Supplied data:
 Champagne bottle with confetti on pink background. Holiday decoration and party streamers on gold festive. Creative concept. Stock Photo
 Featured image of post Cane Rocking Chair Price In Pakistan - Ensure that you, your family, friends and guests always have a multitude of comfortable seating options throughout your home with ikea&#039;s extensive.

---

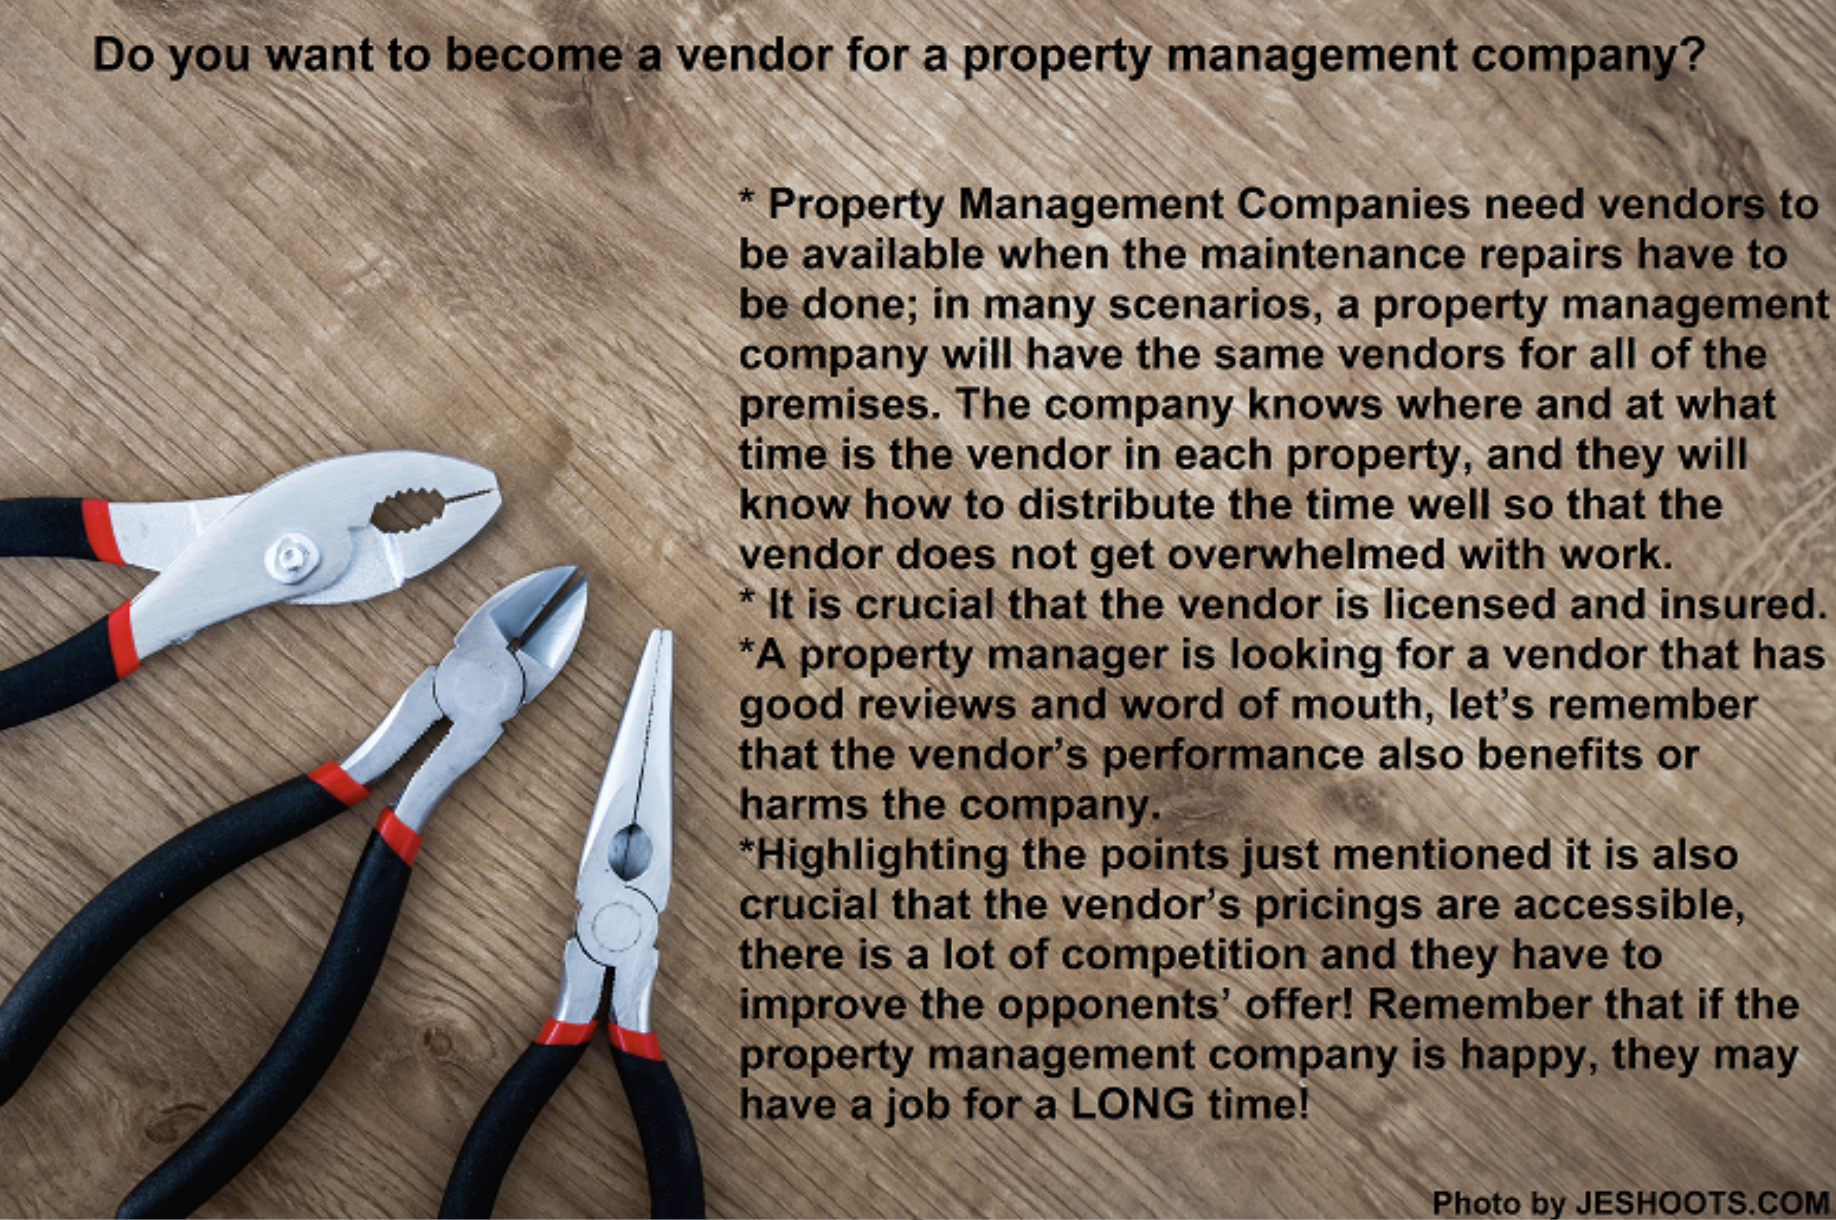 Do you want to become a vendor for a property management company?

What is required: All lines above from the one containing "Champagne bottle with" to the one containing "Featured image of" must be repeated exactly, both lines included, and no others.

Reply to the task:
 Champagne bottle with confetti on pink background. Holiday decoration and party streamers on gold festive. Creative concept. Stock Photo
 Featured image of post Cane Rocking Chair Price In Pakistan - Ensure that you, your family, friends and guests always have a multitude of comfortable seating options throughout your home with ikea&#039;s extensive.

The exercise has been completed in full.